American Institute of Mathematical Sciences

2018, 13: 271-284. doi: 10.3934/jmd.2018021

Decomposition of infinite-to-one factor codes and uniqueness of relative equilibrium states

 Department of Mathematics, Sungkyunkwan University, Suwon 440-746, Republic of Korea

Received  April 30, 2017 Revised  November 22, 2017 Published  December 2018

Fund Project: Supported by the National Research Foundation of Korea (NRF) grant funded by the MEST 2015R1A3A2031159

We show that an arbitrary factor map $\pi :X \to Y$ on an irreducible subshift of finite type is a composition of a finite-to-one factor code and a class degree one factor code.

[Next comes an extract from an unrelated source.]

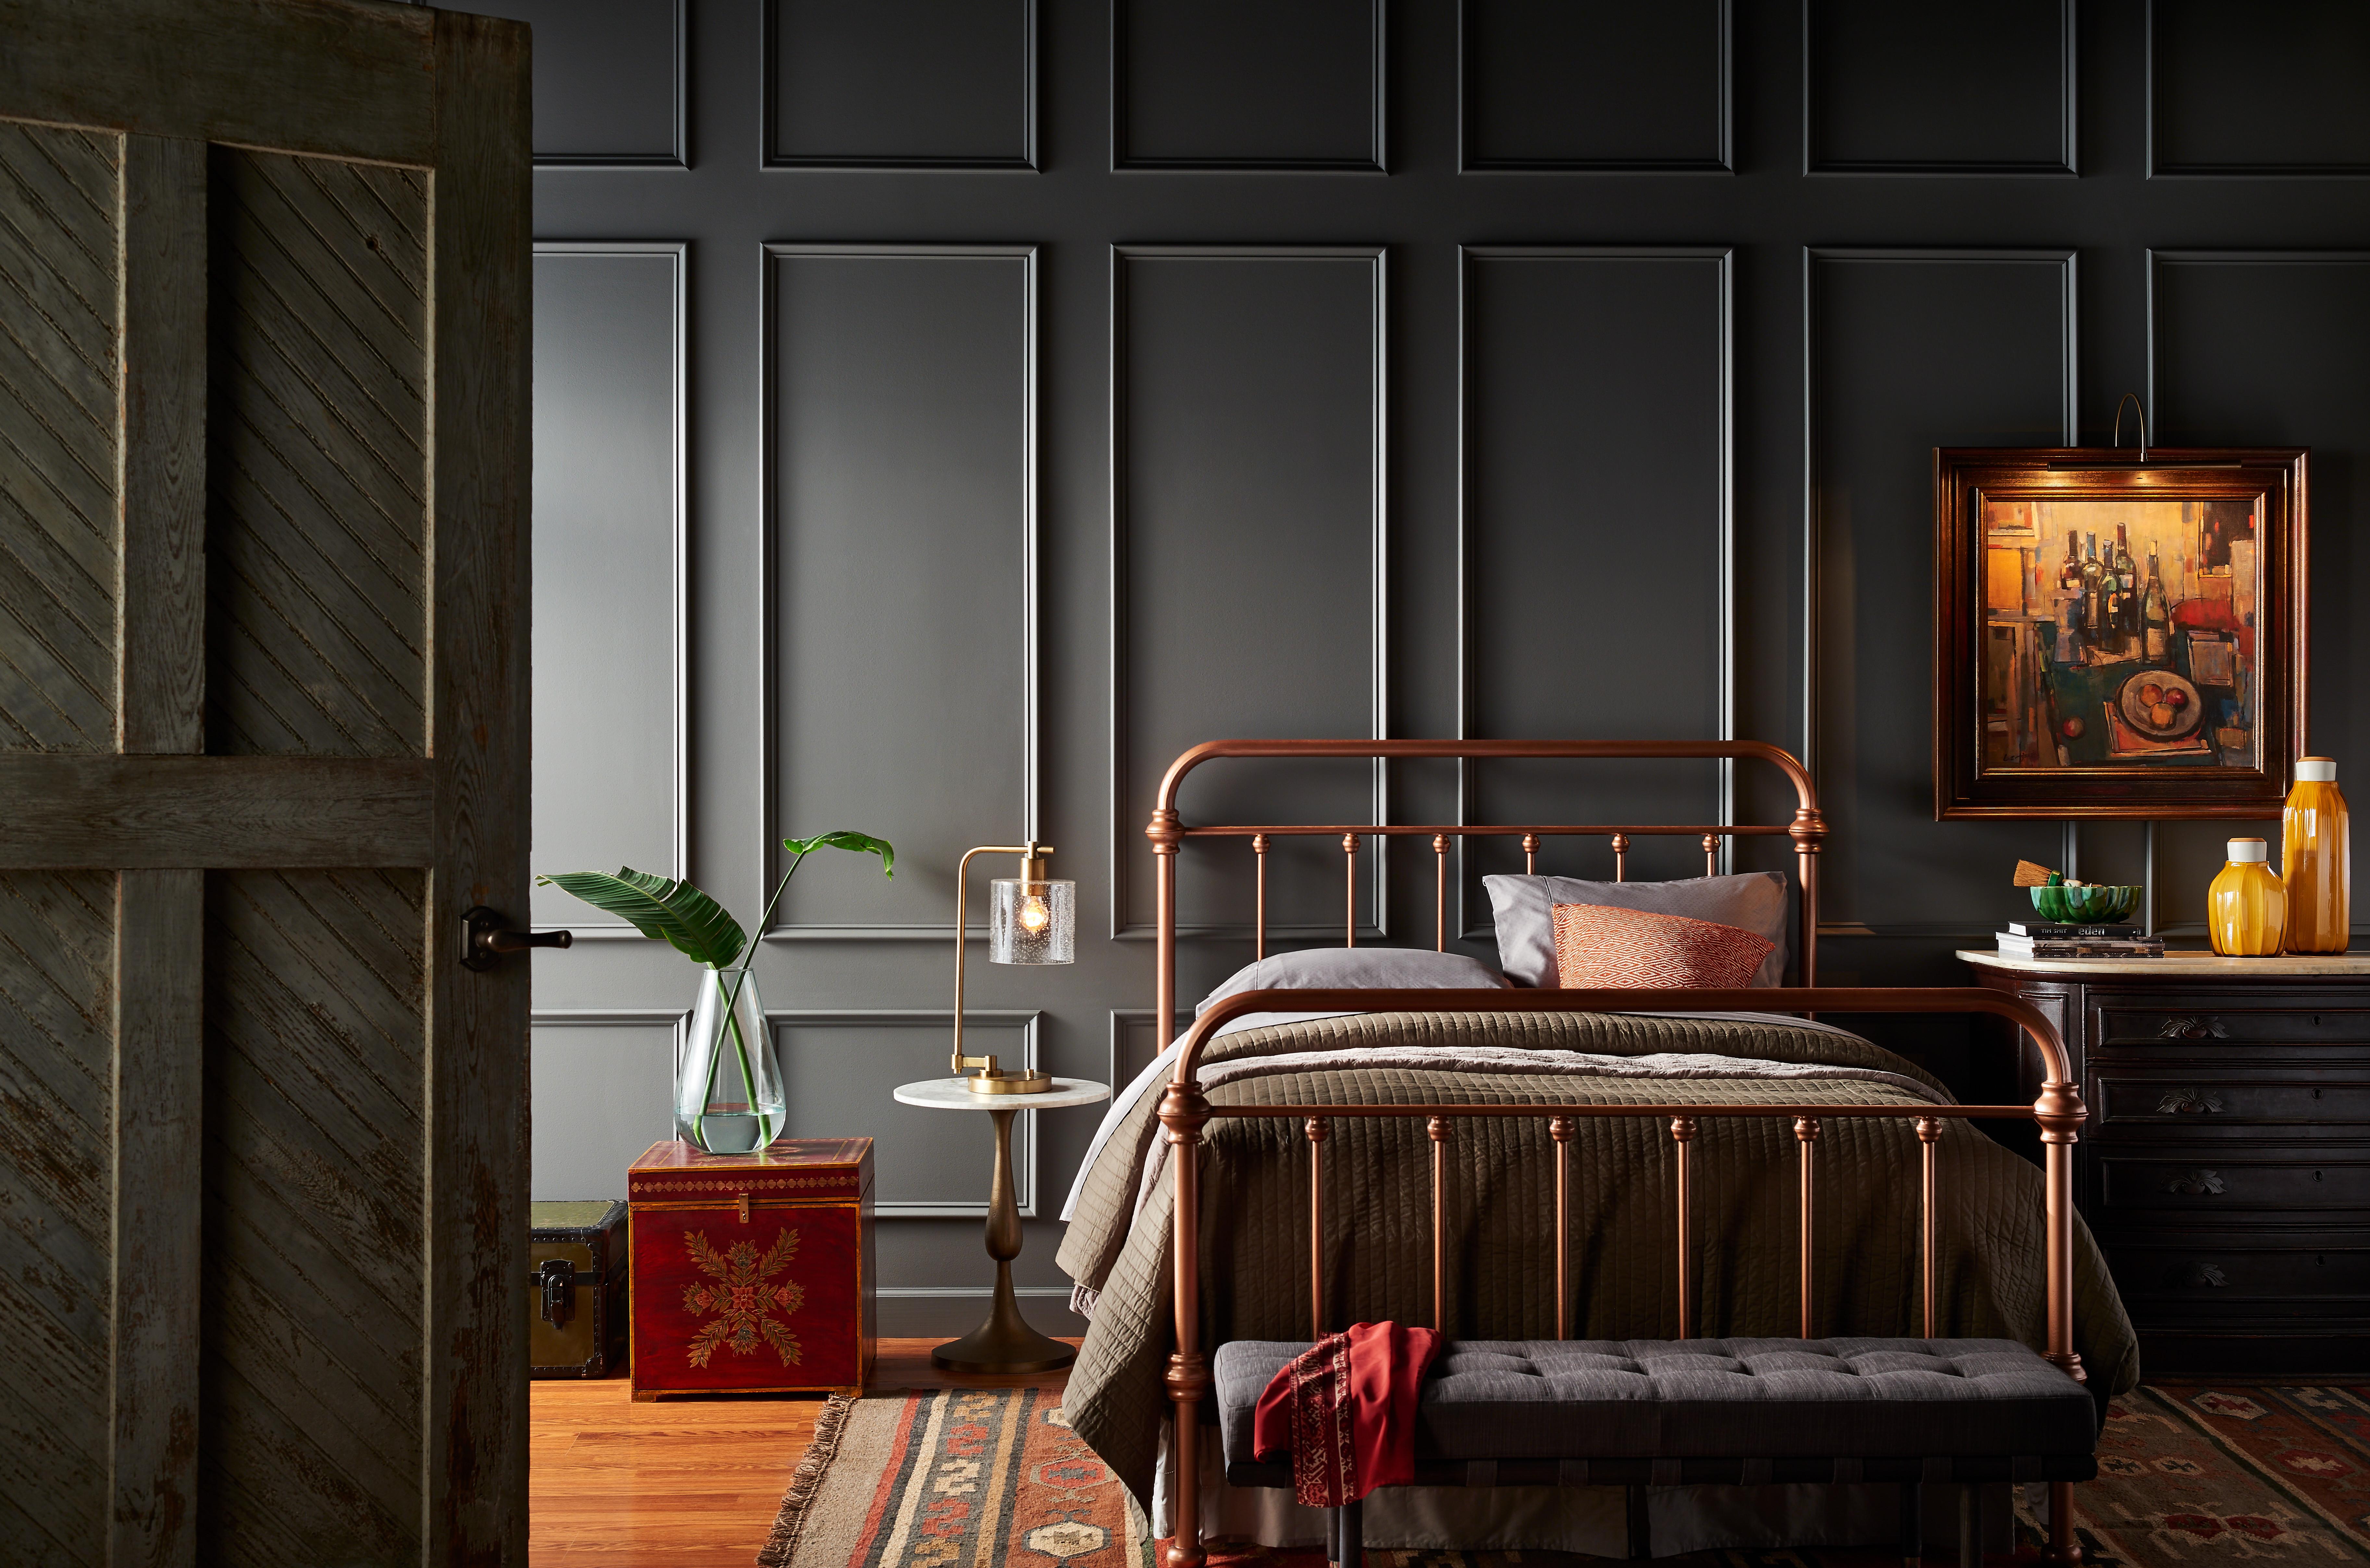 behr-color-currents-2017-bedroom-composed-palette

Using this structure theorem on infinite-to-one factor codes, we then prove that any equilibrium state $\nu$ on $Y$ for a potential function of sufficient regularity lifts to a unique measure of maximal relative entropy on $X$. This answers a question raised by Boyle and Petersen (for lifts of Markov measures) and generalizes the earlier known special case of finite-to-one factor codes.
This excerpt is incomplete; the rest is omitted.